1- Je ne peux accepter ton argument, me demandant si je connais un meilleur moyen de déterminer l’intelligence que le test de QI, puisqu’il n’existe actuellement aucune manière de déterminer l’intelligence. Je suis donc opposé à toute tentative de le faire. Le test de QI aurait dû rester ce pour quoi Binet l’avait créé : un moyen d’évaluer le retard ou l’avance des enfants dans l’apprentissage, et de prédire leur performances scolaires. Prédictions de plus très médiocres, puisque actuellement les résultats des tests de QI ne permettent d’expliquer qu’environ 25 % des performances (la corrélation est entre 0,4 et 0,6).
Au delà de la scolarité, les tests de QI sont inutiles, il ne mesurent plus rien - si ce n’est la capacité à passer le test, ce qui est une savoureuse tautologie. A l’âge adulte la corrélation entre les résultats aux tests de QI et les performances professionnelles sont de 0,3 - ce qui explique 9 % des performances, c’est à dire presque rien. Si le test de QI mesure l’intelligence, alors il faut en conclure que l’intelligence ne sert à rien sur le plan professionnel. On peut légitimement douter de cette conclusion, donc la prémisse est certainement fausse : le test de QI ne mesure pas l’intelligence.
De toute façon avant de prétendre que le test mesure l’intelligence, il aurait fallut commencer par prouver qu’il existe une capacité nommée “intelligence”, dotée d’une certaine intégrité et mesurable, ce qui est très contestable. Ces dernières décennies, les psychologues ont été de plus en plus nombreux à pencher plutôt en faveur de l’hypothèse opposée, celle d’un ensemble d’aptitudes cognitives très différentes, qui ne peuvent absolument pas être réduites à une évaluation globale quantifiée.

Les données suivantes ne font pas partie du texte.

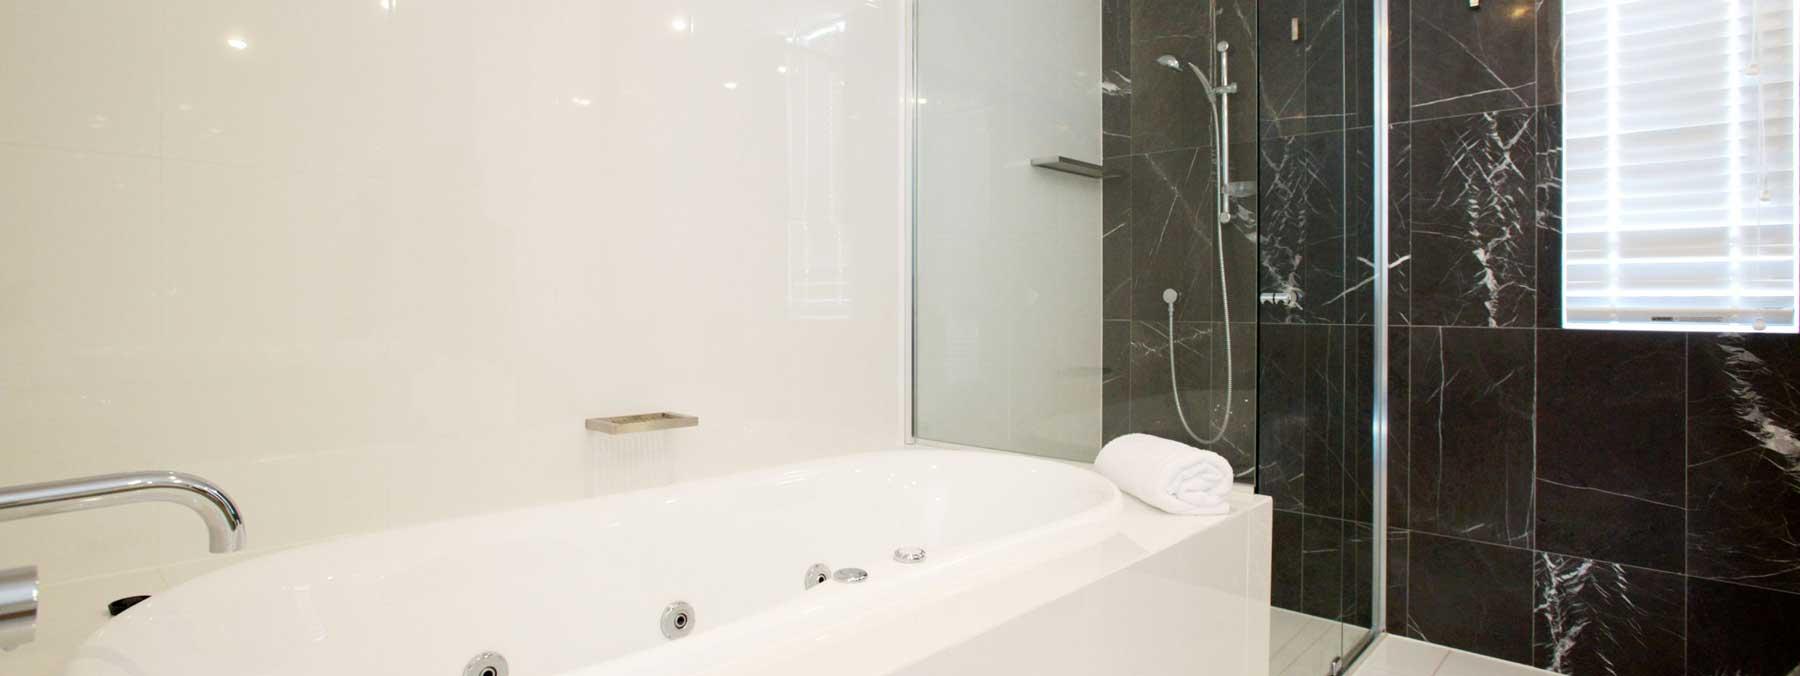 Bathroom design and renovations castle hill - Fantastic Bathroom Renovations Baulkham Hills

2- Les biais culturels sont bien loin d’avoir été éradiqués des tests actuels. D’ailleurs ils ne peuvent pas l’être, puisque ce que nous nommons conventionnellement “intelligence” n’a rien d’une réalité objective mais est un jugement que nous portons sur les aptitudes d’une personne à s’intégrer et à être efficace dans notre environnement social, professionnel, etc. Les aptitudes cognitives nécessaires à cette efficacité sont très différentes d’une culture à l’autre. Par exemple des recherches (de Michael Cole à l’université de San Diego en 71) ont montré que sous certains aspects les tests sont totalement inadaptés aux cultures primitives : notamment on trouve dans les tests certains exercices en rapport avec la classification d’éléments du vocabulaire, mais on sait bien que certaines culture utilisent des classifications très différentes des nôtres, qui nous paraissent certes absurdes mais qui sont mieux adaptées à leur environnement. Les individus de ces cultures obtiendront des résultats catastrophiques aux tests, alors que leurs aptitudes correspondent parfaitement à ce qui est considéré comme l’intelligence dans leur culture.
3- Dernièrement, ce que je trouvais “idéologiquement douteux” (et je le maintiens) dans ta démarche, c’est le fait de vouloir démontrer que la croyance est le fait de la paresse intellectuelle. C’est une manière polie de dire que les croyants sont des abrutis et que c’est pour cela qu’ils sont croyants.
C’est de l’intolérance. Une forme de rejet de l’autre très basique, qui consiste à lui refuser le statut d’être intelligent qui pense différemment, pour préférer expliquer la différence en terme d’attardement mental par rapport à notre propre manière de penser, qui elle est forcément meilleure et plus “normale”... Tu veux prouver que l’autre n’est pas différent mais inférieur. Et je crois qu’on peut dire que cette approche est plus que douteuse.
Wittgenstein disait à ce propos dans “De la certitude” (excellent petit livre réunissant ses dernières réflexions, que tout sceptique devrait lire) :
“Des gens très intelligents et cultivés croient à l’histoire de la création que donne la Bible, d’autres la tienne pour fausse de façon avérée et les raisons de ceux-ci sont connues de ceux-là”
J’ai trop souvent l’impression que cette intelligence et cette culture, beaucoup de sceptiques ici sont incapables de l’attribuer au croyant, et partent du principe que la foi est forcément le fait de la stupidité ou de l’ignorance. Cela me semble être une immense erreur.
Comme le disait Ch. Bertrand dans sa réponse d’hier, il vaut sans doute mieux interpréter les croyances en terme sociologiques et culturels.